Now hold on a minute, you’re thinking, DeGrow’s own organization has been leading an organized effort to cripple unions for years, especially by trying to cripple unions by stopping them from being able to automatically collect dues directly from state payrolls. (Recall Amendment 49 and similar potentially crippling efforts.)

Asked about this via email, DeGrow wrote:

“I don’t recall the AP reporter or anyone asking me about the existence of …an organized movement to cripple unions in Colorado.’ I told her that unions in general, and public employee unions in particular, are neither as strong nor as pervasive here in Colorado as they are in Wisconsin, and that for various reasons we’re not going to see the same kind of law as SB 11 proposed in Wisconsin (a bill that impacts a large share of public employee unions, and has nothing to do with private employee unions).”

I asked DeGrow if the AP misquoted him. He wrote:

“I’m not sure if it can be considered a misquote since there are no quotation marks, but as written it certainly misses the point of our discussion as I see it. The reporter and I primarily discussed public employee unions, a distinction I was careful to make, one that I elaborated on in a blog post last week for Ed News Colorado.

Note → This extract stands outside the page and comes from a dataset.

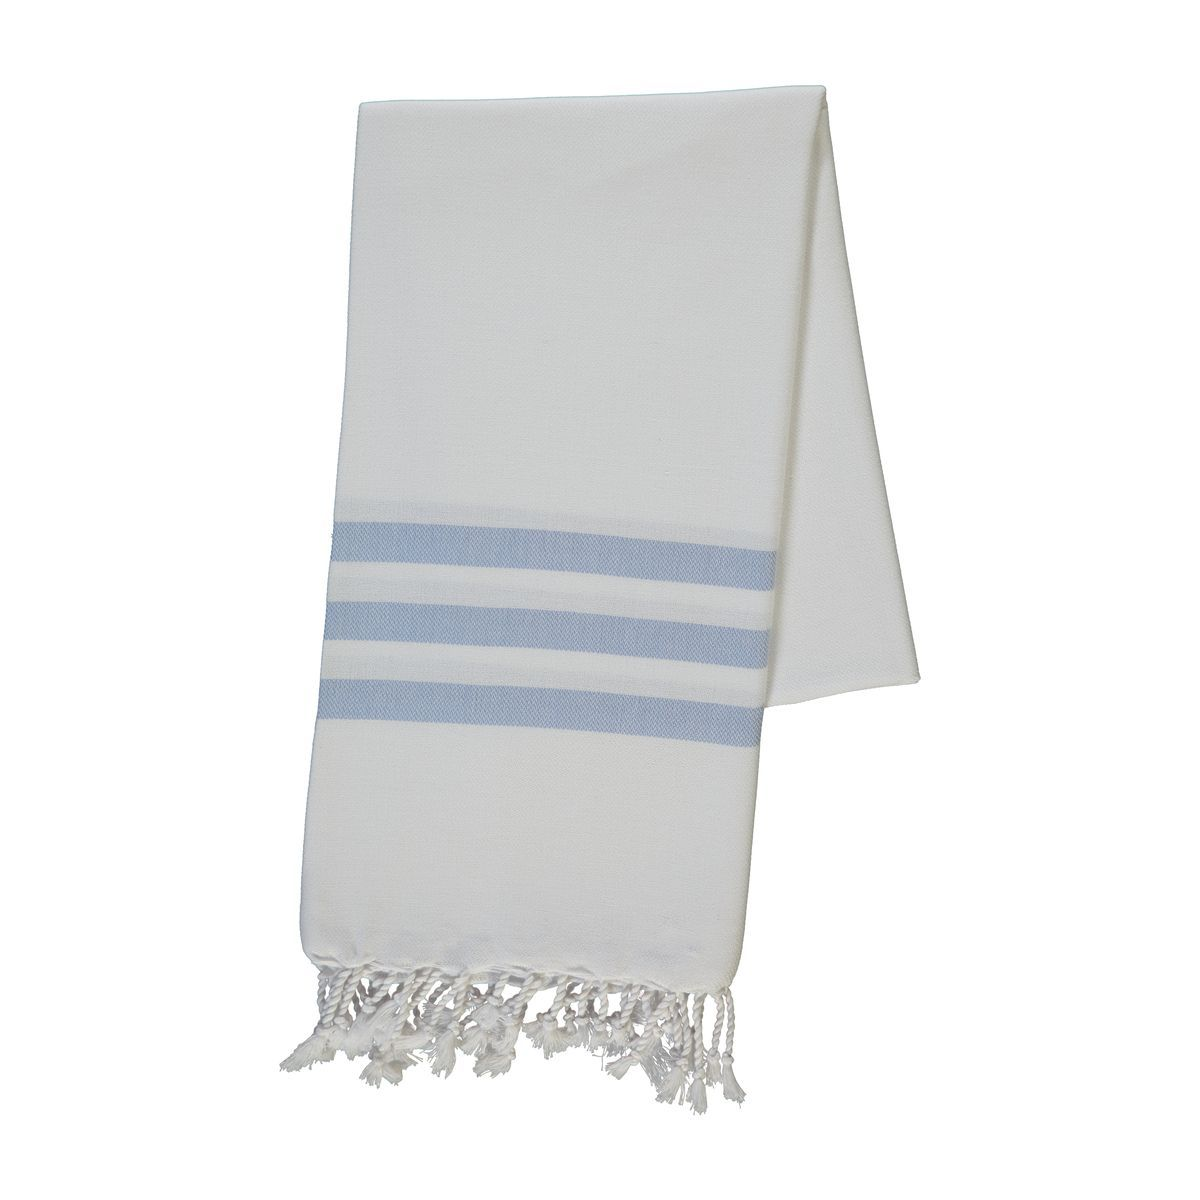 Peştemal Bala Sultan - Beyaz/Mavi

DeGrow told me that another sentence in the AP story, which was widely distributed, “captured a part” of his point. That sentence was:

“DeGrow pointed out that Colorado employees already contribute to their pension funds, a major area of contention in Wisconsin, and that Colorado’s 42 teachers’ unions bargain locally, not on a state level.”

As to whether the Independence Institute is an organized movement, trying to cripple unions, DeGrow wrote me:

“First, I don’t know who would consider the Independence Institute …an organized movement.’ Second, the I.I. has researched, written and advocated for greater accountability from public employee unions. Third, the I.I. always has upheld employees’ rights of free association and free speech, by attempting to protect people from having their money taken involuntarily and then used to support causes which they do not personally support. What would the implications be of equating that view with …crippling unions’?

Amendment 49 and related initiatives promoted by the I.I. were designed to create a level playing field by preventing any group, including public employee unions, from using government payroll systems as a means of dues collection. Nothing in these proposals would end the ability of a union or any other group to collect dues freely from supporting members.”

One Response to “Independence Institute spokesman says Associated Press got only a part of his point”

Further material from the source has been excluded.